What you have to do. Under this line are records; the part from the line containing "Mancroft Sleeve Less V-Neck Midi Dress" through the line containing "Mission row police station gta 5 location" should be repeated exactly. Please exclude pictures.

The data.
⟨
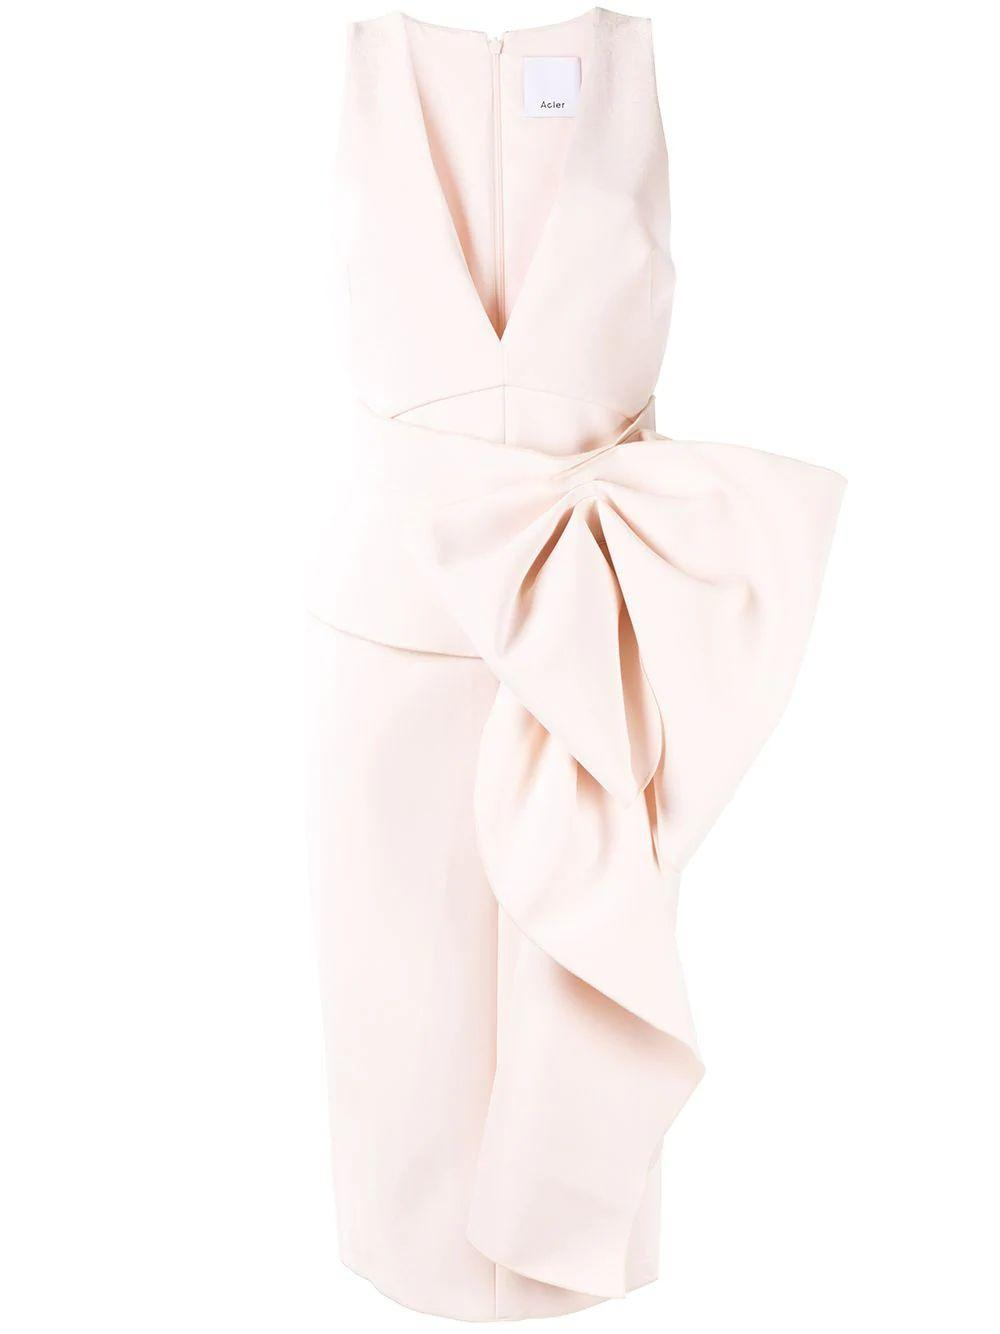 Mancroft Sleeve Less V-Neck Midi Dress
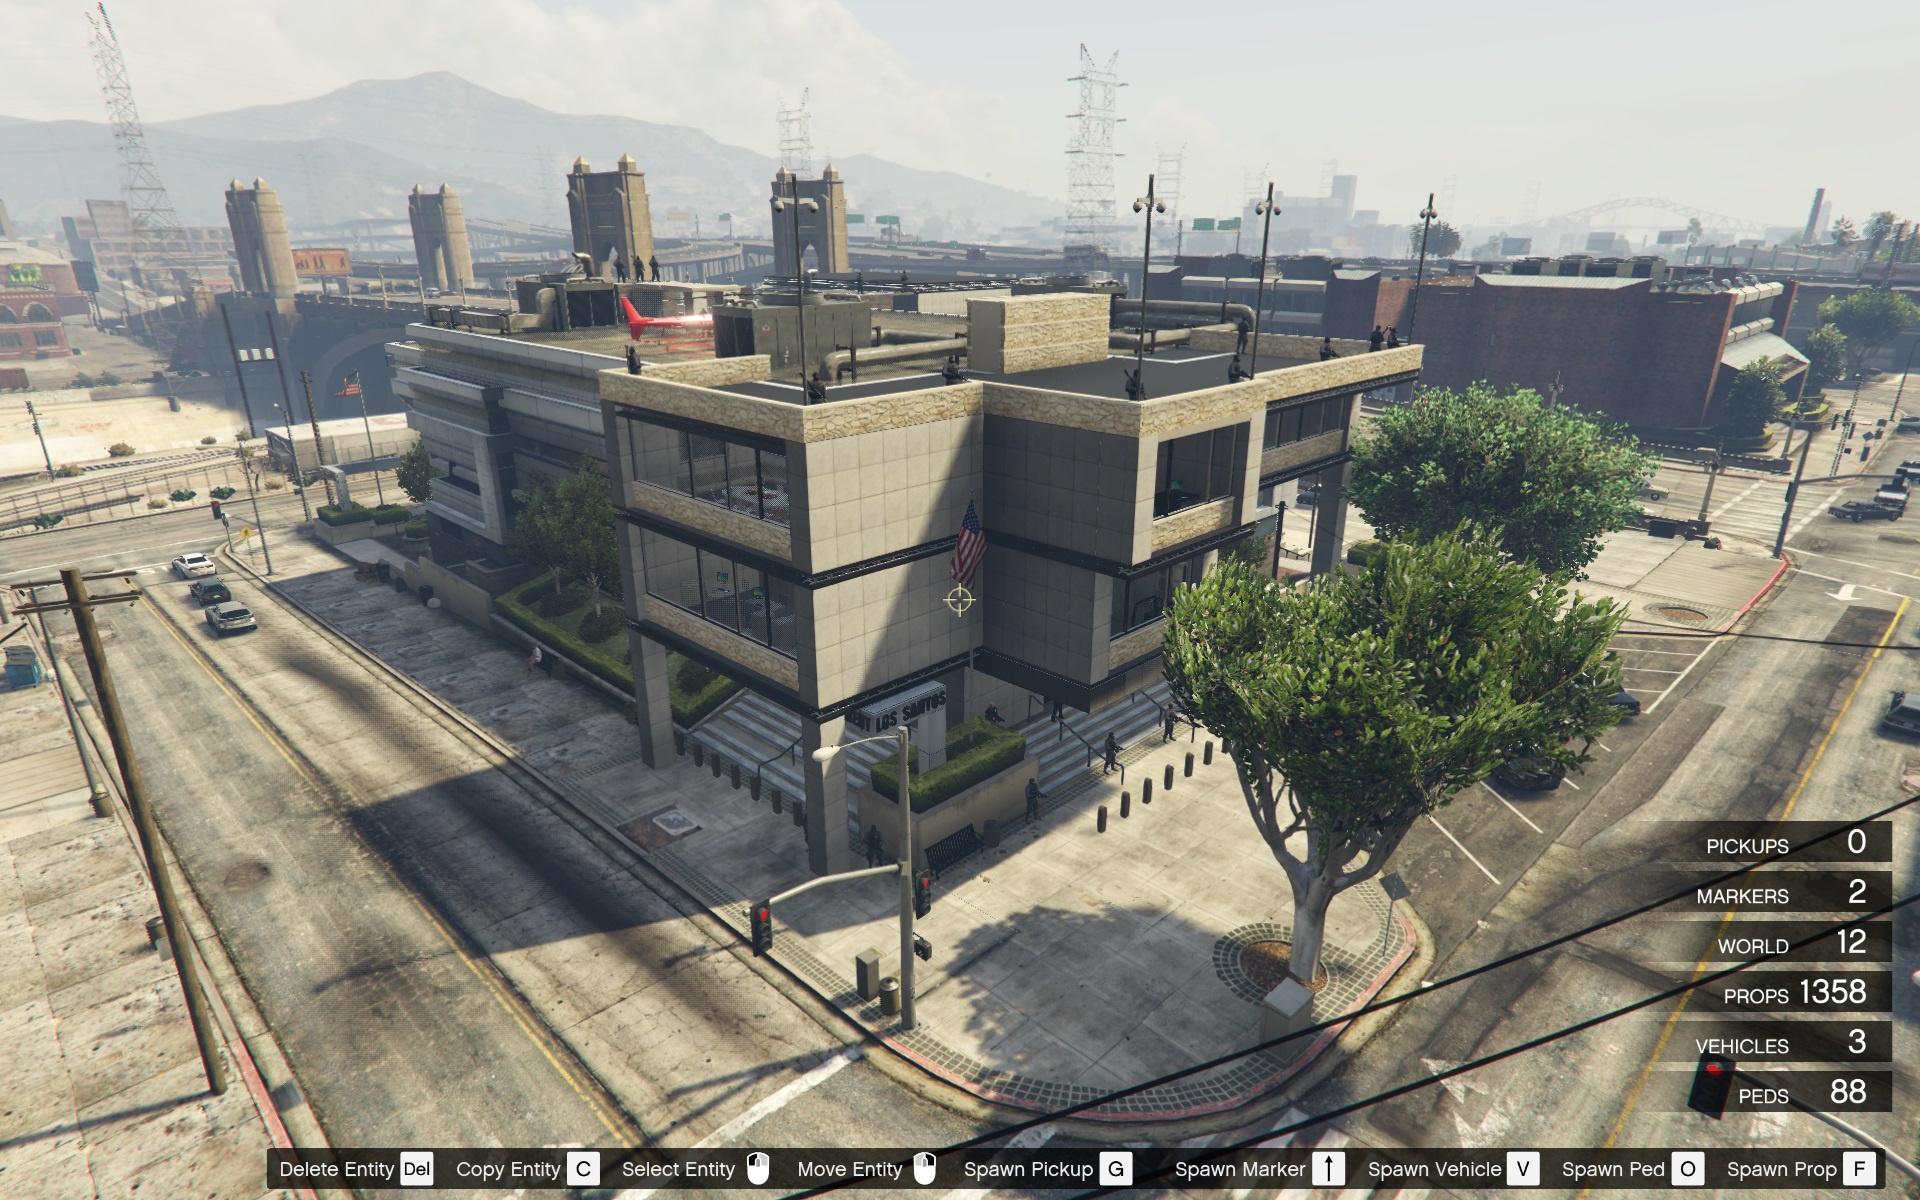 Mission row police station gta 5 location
⟩
⟨
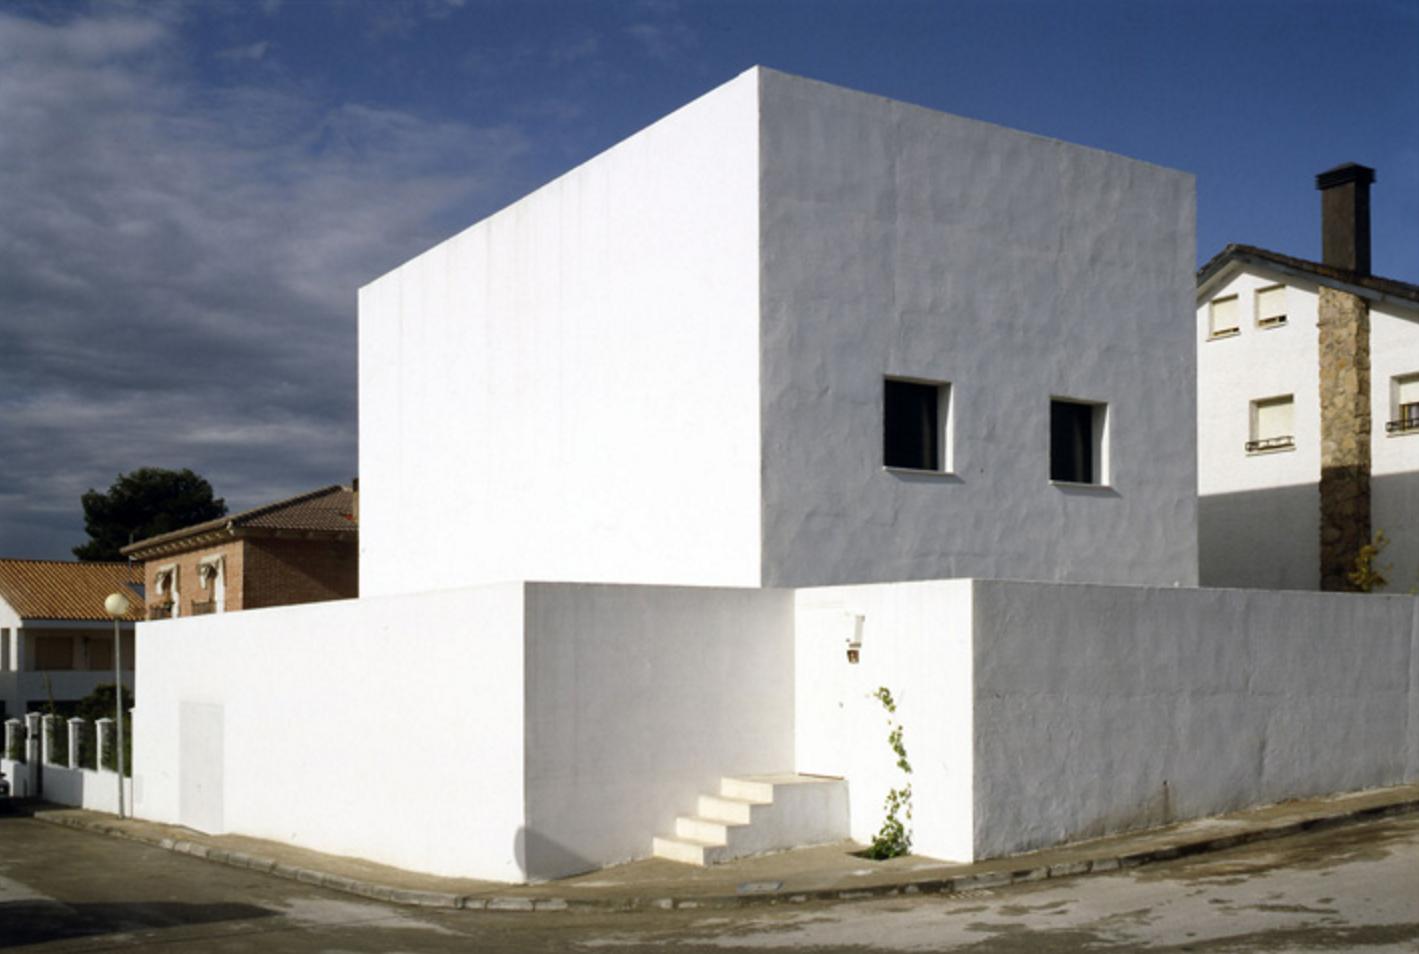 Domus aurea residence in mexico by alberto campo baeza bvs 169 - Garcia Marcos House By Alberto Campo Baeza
⟩
Result of the exercise.
 Mancroft Sleeve Less V-Neck Midi Dress
 Mission row police station gta 5 location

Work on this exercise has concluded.